RE: Performance improvement splitting huge file - mdijkens - 10-21-2023

Thanks SMcNeill, but this puts the first part of the inFile in the first outFile, etc.
1111222233334444 > 1111 2222 3333 4444

What I need (and requires a lot more processing) is:
1234123412341234 > 1111 2222 3333 4444

So every next byte (or record) needs to go the the next file...

I've really tried to narrow down the snippet to as small and simple as possilbe; please take a look what it does

RE: Performance improvement splitting huge file - SMcNeill - 10-21-2023

Code: (Select All)

'$CHECKING:OFF

_DEFINE A-Z AS _INTEGER64

PRINT "Creating file data"

'create a nice large temp file

a$ = "0123456789"

FOR i = 1 TO 27

    a$ = a$ + a$

NEXT



OPEN "test.txt" FOR OUTPUT AS #1: CLOSE #1

OPEN "test.txt" FOR BINARY AS #1

PRINT "Writing file data", LEN(a$) '1.3 GB file

PUT #1, , a$

CLOSE



DIM FileData AS _MEM

FileData = _MEMNEW(LEN(a$)) 'can't point a mem pointer to a variable length string, so make a new memblock

_MEMPUT FileData, FileData.OFFSET, a$ 'and put the string in it



DIM splitData(0 TO 9) AS STRING





OPEN "test.txt" FOR BINARY AS #1



FOR i = 0 TO 9

    OPEN "test_split(" + _TRIM$(STR$(i)) + ").txt" FOR OUTPUT AS #i + 2: CLOSE #i + 2

    OPEN "test_split(" + _TRIM$(STR$(i)) + ").txt" FOR BINARY AS #i + 2

    splitData(i) = SPACE$(1000)

NEXT



PRINT "Writing Data..."

t## = TIMER



DIM o AS _OFFSET

o = FileData.OFFSET



c = 1 'c is the push counter



DO UNTIL o >= FileData.OFFSET + FileData.SIZE

    FOR i = 0 TO 9

        ASC(splitData(i), c) = _MEMGET(FileData, o + i, _UNSIGNED _BYTE)

    NEXT

    IF c MOD 1000 = 0 THEN 'dump data in small segments so our strings don't grow too large

        c = 0

        FOR j = 0 TO 9

            PUT 2 + j, , splitData(j)

        NEXT

    END IF

    o = o + 10

    c = c + 1

LOOP

IF c <> 1 THEN 'dump remained of data

    FOR j = 0 TO 9

        l$ = LEFT$(splitData(j), c - 1)

        PUT 2 + j, , l$

        splitData(j) = ""

    NEXT

END IF



PRINT USING "###.### seconds to break data into 10 files."; TIMER - t##

1.3GB split into 10 files in about 13 seconds.

The biggest trick that I'm using here is a set string size of 1000 bytes, which I then change the values of with ASC and _MEMGET, so there's never any string addition or concatenation at work.

ASC(splitData(i), c) = _MEMGET(FileData, o + i, _UNSIGNED _BYTE)

c is the push count. (Every 1000 elements, I put the data to the drive so we can start back over at 0, which allows me to only use 10,000 bytes for sorting, since I'm already holding several GB of data in memory from the file itself.)
o is the data position in the file itself.

ASC is how I assign the value I get to the splitData() array.
_MEMGET lets me peek directly into the FileData.

I could've also used _MEMPUT to put the data into each of those splitData() arrays, but ASC seemed sufficient for the task.
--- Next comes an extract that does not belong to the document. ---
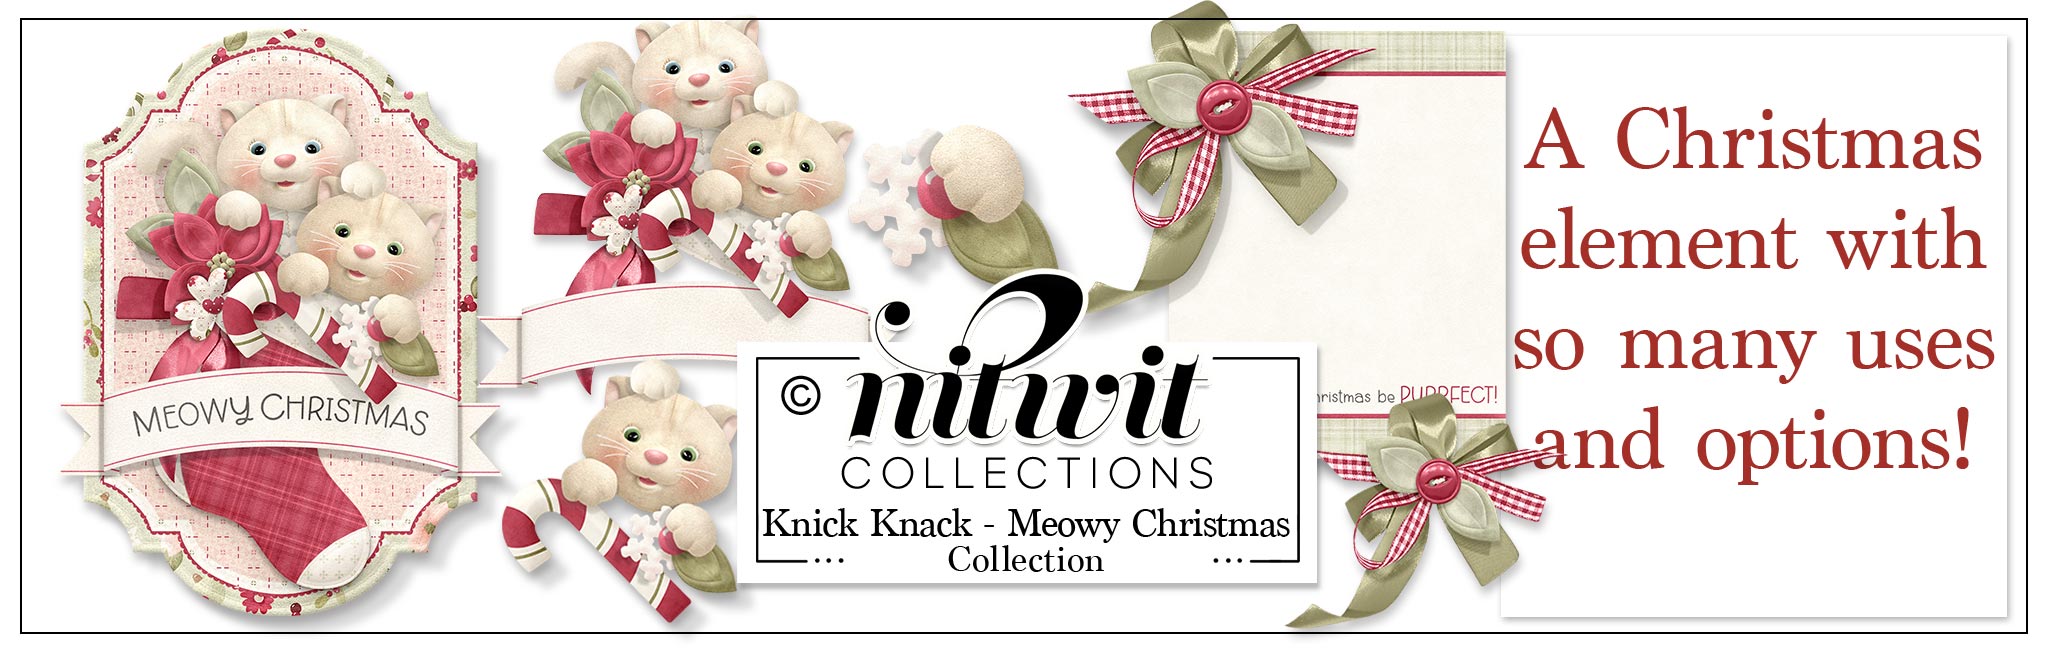 Knick Knack - Meowy Christmas

It's fairly well optomized and oodles faster than MID$, and allows us to avoid any calls to those slow string routines.

Feel free to swap out to _MEMPUT and see if that makes an even larger difference for you. At 10 seconds per GB, I'm pretty satisfied with the speed here. Smile

NOTE: This splits "0123456789012345678901234567890...." into files of:

"0000000000...."
"1111111111...."
"2222222222...."
and so on, as you mentioned.

RE: Performance improvement splitting huge file - mdijkens - 10-22-2023

YESSS, That's what I was looking for!
Thanks a lot SMcNeill

It was this line I was looking for :-)
ASC(splitData(i), c) = _MEMGET(FileData, o + i, _UNSIGNED _BYTE)

There are still some minor issues in your code when FileData.SIZE MOD NrOfSplitFiles <> 0 but that's easy to fix

Really happy with an over 10x speed increase

RE: Performance improvement splitting huge file - SpriggsySpriggs - 10-23-2023

What kind of files are needing to be processed that this kind of splitting is required?

RE: Performance improvement splitting huge file - mdijkens - 10-23-2023

This is for an exceptionlog of millions of smartmeters processing minute-readings. (~10 GB / hour)
Once every hour these loglines need to be split per energy-provider ( ~20) to be processed in parallel by different systems.

In short term it is too difficult to have the logprovider already split them up when creating (future scenario) so we need this for the time being

I love to do these temporary utilities in QB64 :-)